Gen­er­al­i­sa­tion with­out sys­tem­at­ic­ity—Lake and Ba­roni, 2018

Lake and Ba­roni iden­tify that hu­man lan­guage and thought fea­ture “sys­tem­atic com­po­si­tion­al­ity”: we are able to com­bine known com­po­nents in novel ways to pro­duce ar­bi­trar­ily many new ideas. To test neu­ral net­works on this, they in­tro­duce SCAN, a lan­guage con­sist­ing of com­mands such as “jump around left twice and walk op­po­site right thrice”. While they found that RNNs were able to gen­er­al­ise well on new strings similar in form to pre­vi­ous strings, perfor­mance dropped sharply in other cases. For ex­am­ple, the best re­sult dropped from 99.9% to 20.8% when the test ex­am­ples were longer than any train­ing ex­am­ple, even though they were con­structed us­ing the same com­po­si­tional rules. Also, when a com­mand such as “jump” had only been seen by it­self in train­ing, RNNs were al­most en­tirely in­ca­pable of un­der­stand­ing in­struc­tions such as “turn right and jump”. The over­all con­clu­sion: that neu­ral net­works can’t ex­tract sys­tem­atic rules from train­ing data, and so can’t gen­er­al­ise com­po­si­tion­al­ity any­thing like how hu­mans can. This is similar to the re­sult of a pro­ject I re­cently car­ried out, in which I found that cap­sule net­works which had been trained to recog­nise trans­formed in­puts such as ro­tated digits and digits with nega­tive colours still couldn’t recog­nise ro­tated, negated digits: they were sim­ply not learn­ing gen­eral rules which could be com­posed to­gether.

Deep re­in­force­ment learn­ing doesn’t work yet—Ir­pan, 2018

Ir­pan runs through a num­ber of rea­sons to be skep­ti­cal about us­ing deep learn­ing for RL prob­lems. For one thing, deep RL is still very data-in­effi­cient: Deep­Mind’s Rain­bow DQN takes around 83 hours of game­play to reach hu­man-level perfor­mance on an Atari game.
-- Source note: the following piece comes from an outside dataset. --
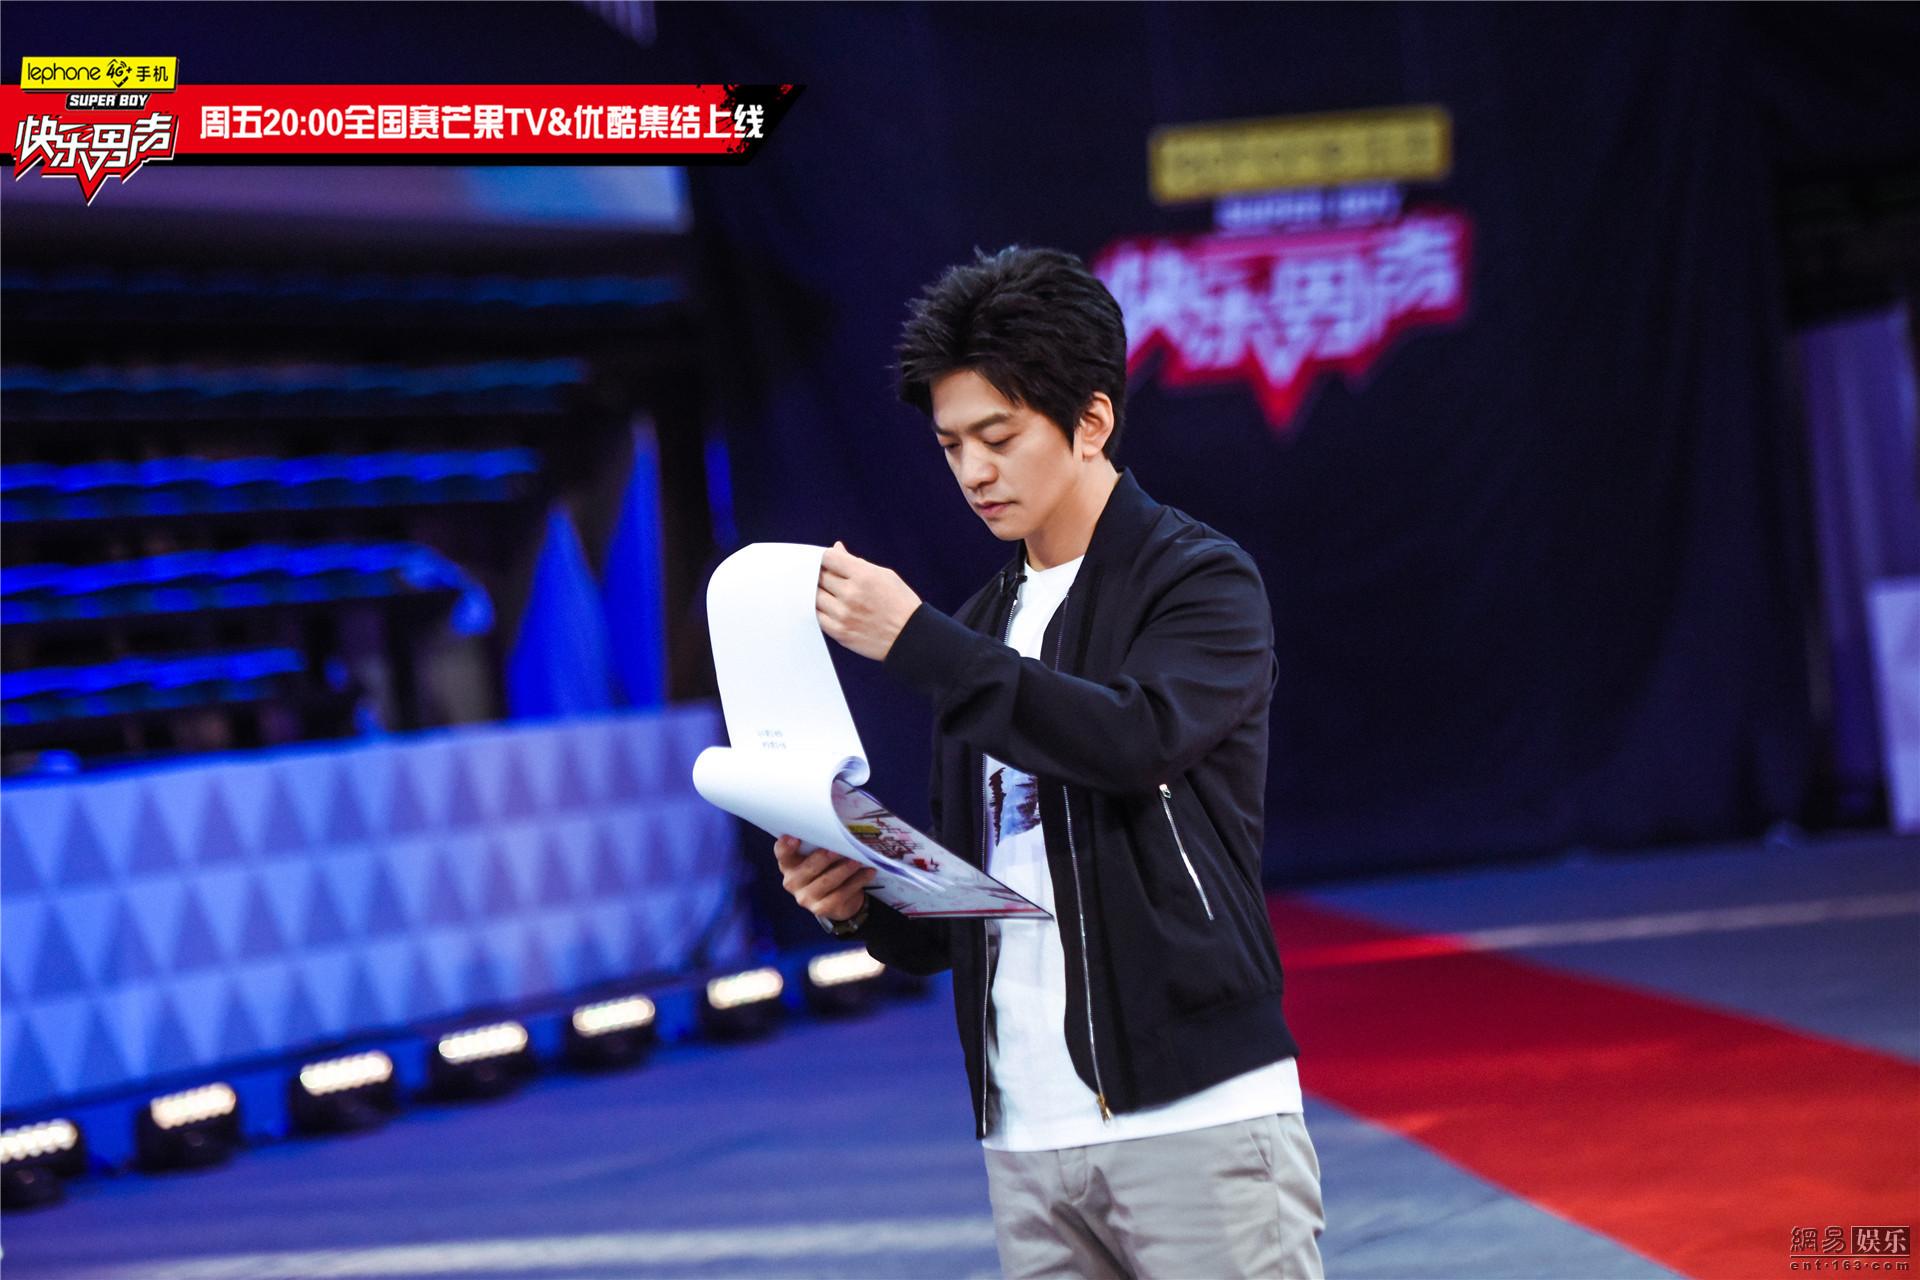 <a href='http://search.xinmin.cn/?q=快男' target='_blank' class='keywordsSearch'>快男</a>总决赛首场

By con­trast, hu­mans can pick them up within a minute or two. He also points out that other RL meth­ods of­ten work bet­ter than deep RL, par­tic­u­larly model-based ones which can util­ise do­main-spe­cific knowl­edge.
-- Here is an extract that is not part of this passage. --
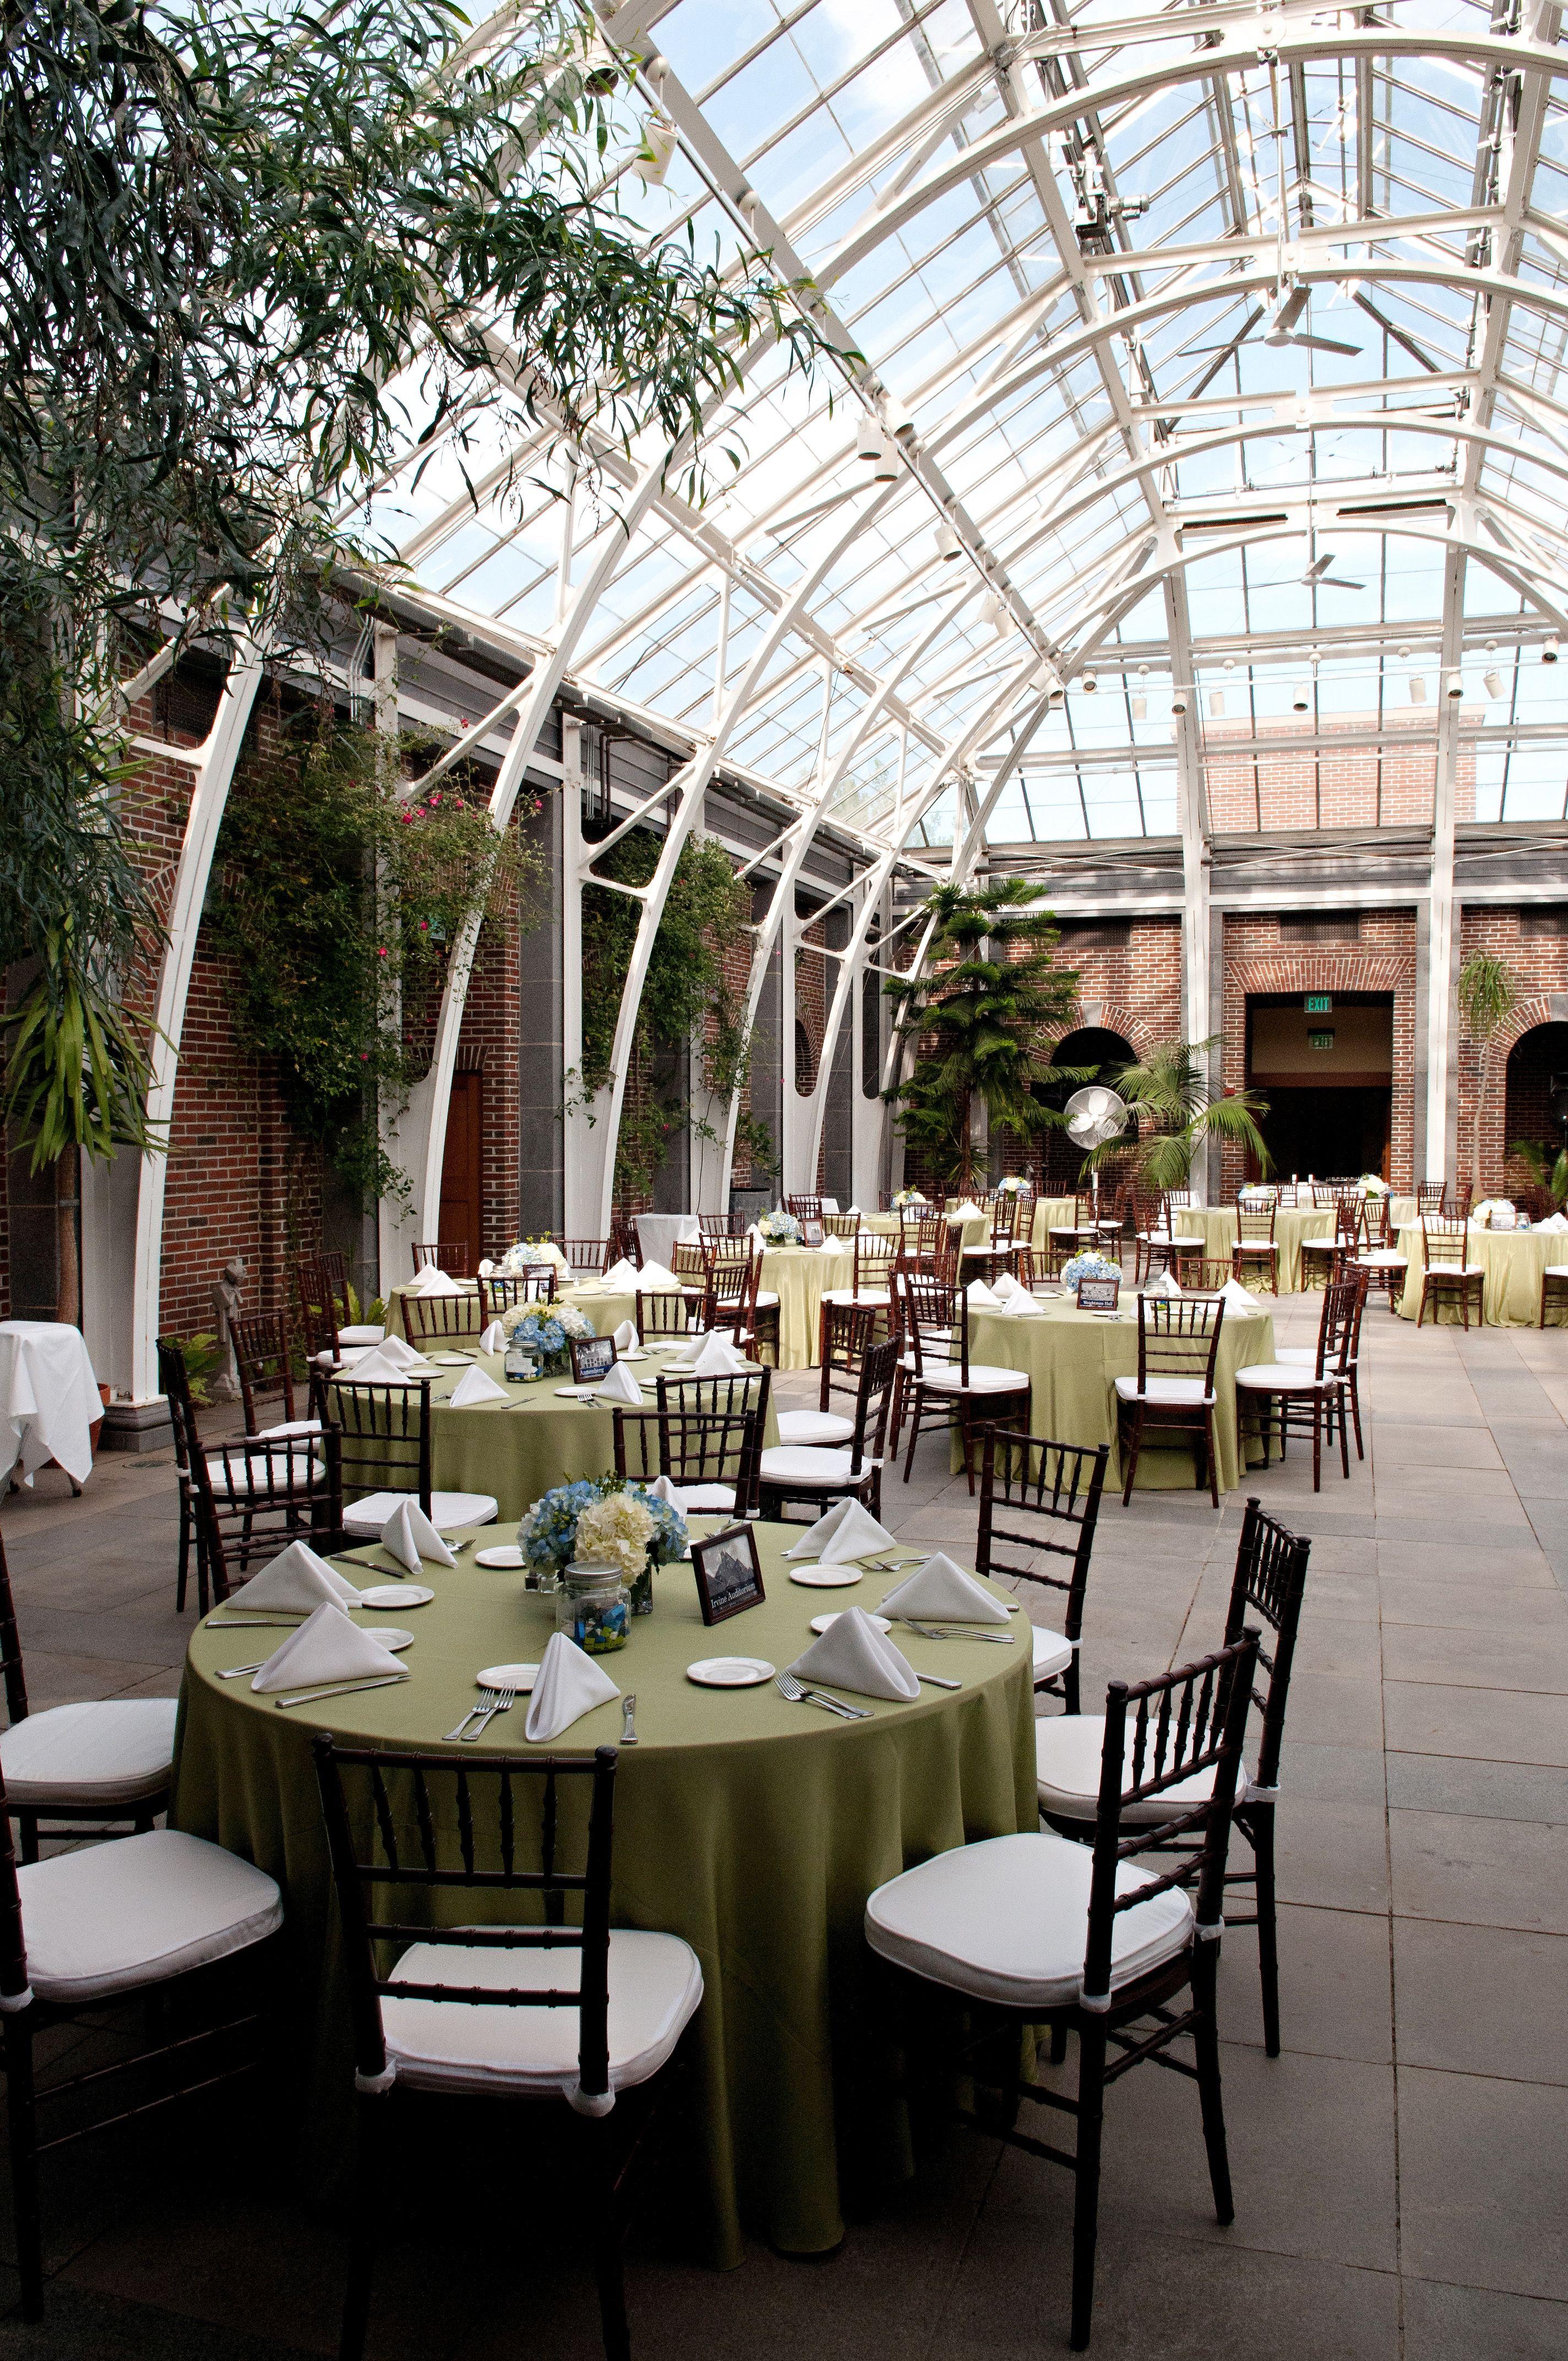 Tower Hill Botanical Garden In Boylston Ma Wedding Reception Centerpiece And Table Design

Another is­sue with RL in gen­eral is that de­sign­ing re­ward func­tions is difficult. This is a theme in AI safety—speci­fi­cally when it comes to re­ward func­tions which en­cap­su­late hu­man val­ues—but there are plenty of ex­ist­ing ex­am­ples of re­ward hack­ing on much sim­pler tasks. One im­por­tant con­sid­er­a­tion is the trade­off is be­tween shaped and sparse re­wards. Sparse re­wards only oc­cur at the goal state, and so can be fairly pre­cise, but are usu­ally too difficult to reach di­rectly. Shaped re­wards give pos­i­tive feed­back more fre­quently, but are eas­ier to hack. And even when shaped re­wards are de­signed care­fully, RL agents of­ten find them­selves in lo­cal op­tima. This is par­tic­u­larly preva­lent in multi-agent sys­tems, where each agent can overfit to the be­havi­our of the other.
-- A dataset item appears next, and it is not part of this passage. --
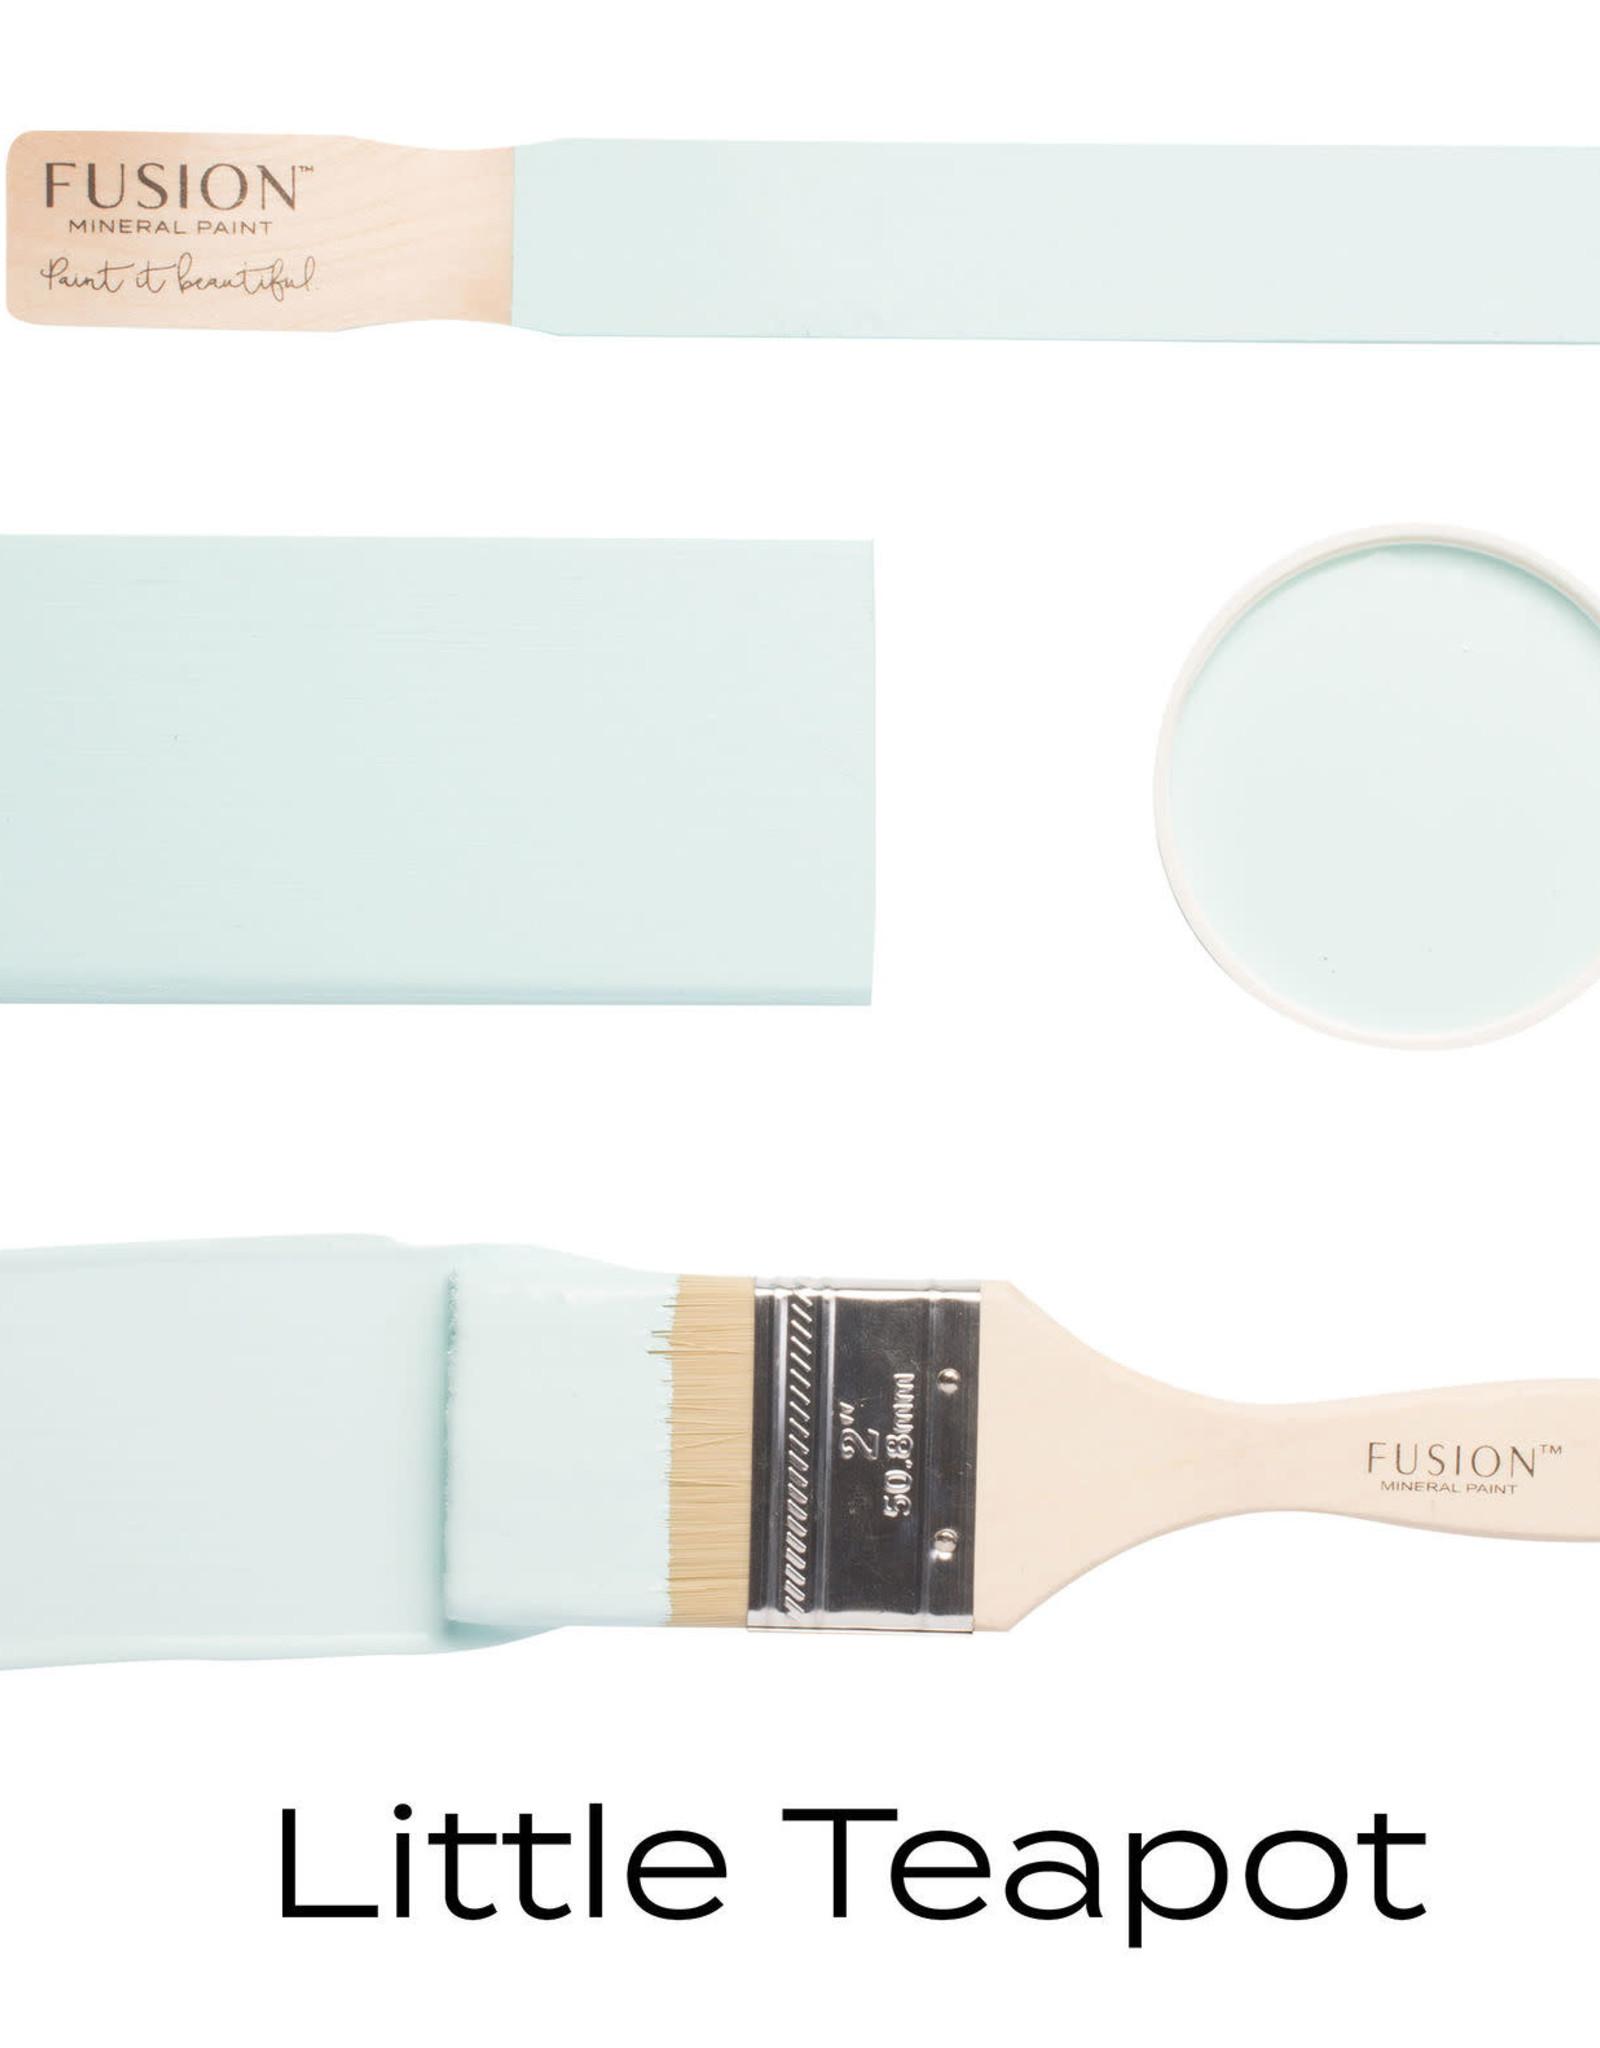 Fusion Mineral Paint Fusion Mineral Paint - Little Teapot 500ml

Lastly, RL is un­sta­ble in a way that su­per­vised learn­ing isn’t. Even suc­cess­ful im­ple­men­ta­tions of­ten fail to find a de­cent solu­tion 20 or 30% of the time, de­pend­ing on the ran­dom seed with which they are ini­tial­ised. In fact, there are very few real-world suc­cess sto­ries fea­tur­ing RL. Yet achiev­ing su­per­hu­man perfor­mance on a wide range of tasks is a mat­ter of when, not if, and so I think Amara’s law ap­plies: we over­es­ti­mate the effects RL will have in the short run, but un­der­es­ti­mate its effects in the long run.